Okay, okay. Maybe Beckhart was right. He was wasting time. And the man was giving his word...

He told Beckhart where to pick him up.

Twenty: 3050 AD

The Main Sequence

Four Angel City police officers came to the door, to escort McClennon to his commanding officer. He was puzzled, but did not ask why they were doing Corps work. He untied Mouse, Marya, and Amy, and said, "Let's go, gentlemen."

He had butterflies the size of owls. They were mating on the wing.

The streets were barren. Angel City had become half a ghost town. "Where is everybody?" he asked. He had heard nothing on monitor that would explain this emptiness.

"Drafted," one of the cops grumbled.

"What?"

"Almost everybody old enough was in the Reserves. It was a good way to pick up a few extra marks. They got called up."

"This war thing must be getting grim."

"Must be," the policeman admitted. "They called up everybody in the Transverse. Navy, Marines, Planetary Defense, whatever. Not only that, they took all the equipment that wasn't nailed down."

The officers were walking their charges to Beckhart's headquarters. McClennon saw very few vehicles. "What about the gang upstairs?" he asked, jerking a thumb skyward.

"The heavies? Still there. Let's hope they hold those Sangaree. You and your buddy here, and your Admiral and his crew, are the only military people left here."

"Guess we do have to take it serious," Mouse said. "The Old Man plays games, but they're not this expensive."

McClennon could not help being startled and disturbed. This general mobilization was a distressing indicator. It suggested that Confederation meant to hurl everything but the proverbial sink into the first passage of arms.

His thoughts strayed to his homeworld. Had Old Earth been stripped of men and equipment too? If so, he had to be glad he was in the Outworlds.

That madhouse planet would descend into an age of barbarism if the policing divisions vanished. Confederation did not interfere much, but did keep the violence level depressed,

A blowup had occurred during the Ulantonid War, and to a lesser degree several other times, when the Confederate presence was weak. After settling with Ulant, Luna Command had had to reconquer Earth.

When the mailed fist vanished, the cults and movements beat swords from plowshares, eager to settle old scores.

"Mouse," he said, "it's a strange world I call home."

Storm read him at a glance. "It won't be as bad this time, Tommy. I've seen some of the standing Mobe plans. They'll do some creative drafting. Something like the ancient press gangs. They'll grab anybody loose and ship them out all over Confederation. They'll scatter them so they don't cause much trouble."

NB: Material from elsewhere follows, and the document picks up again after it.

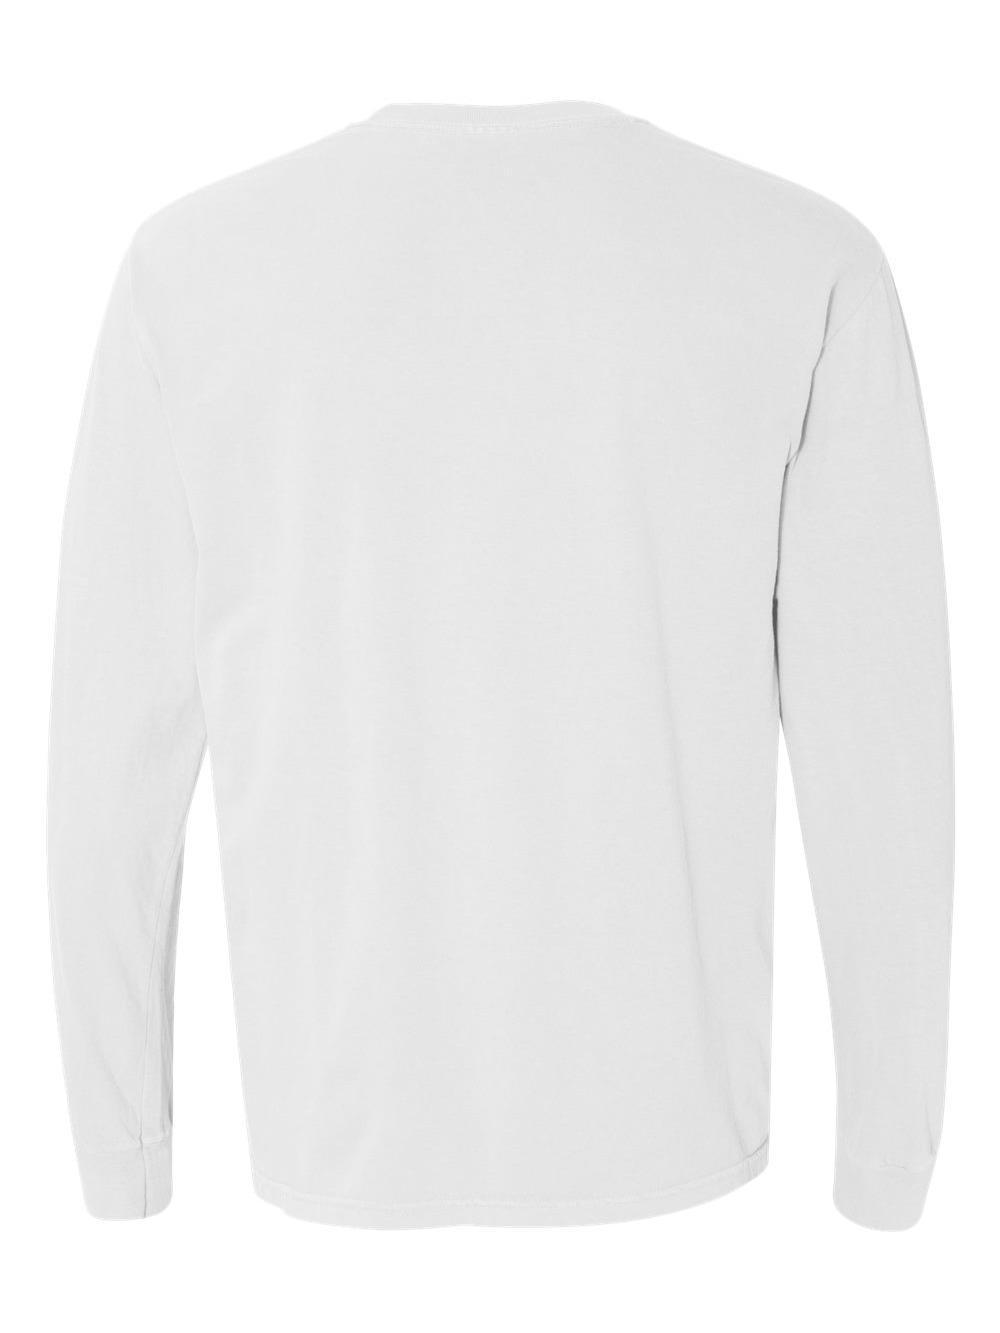 Comfort-Colors-Garment-Dyed-Heavyweight-Ringspun-Long-Sleeve-T-Shirt-6014 thumbnail 73

"Sounds good. Break the whole mess up if they take enough of them."

"It would tap a big manpower pool. Old Earth didn't contribute a thing during the war with Ulant."

Amy, Marya, and the policemen all watched curiously.

Even Mouse did not understand Old Earth.

Earth was the land of the timid tailor, the world cramped with a people from whom all adventure had been bred. The pioneer genes had departed long ago. The stay-at-homes were, in the opinion of the rest of humanity, the culls of the species. Even McClennon willingly admitted that his fellow Old Earthers were determined to live up to their derelict image.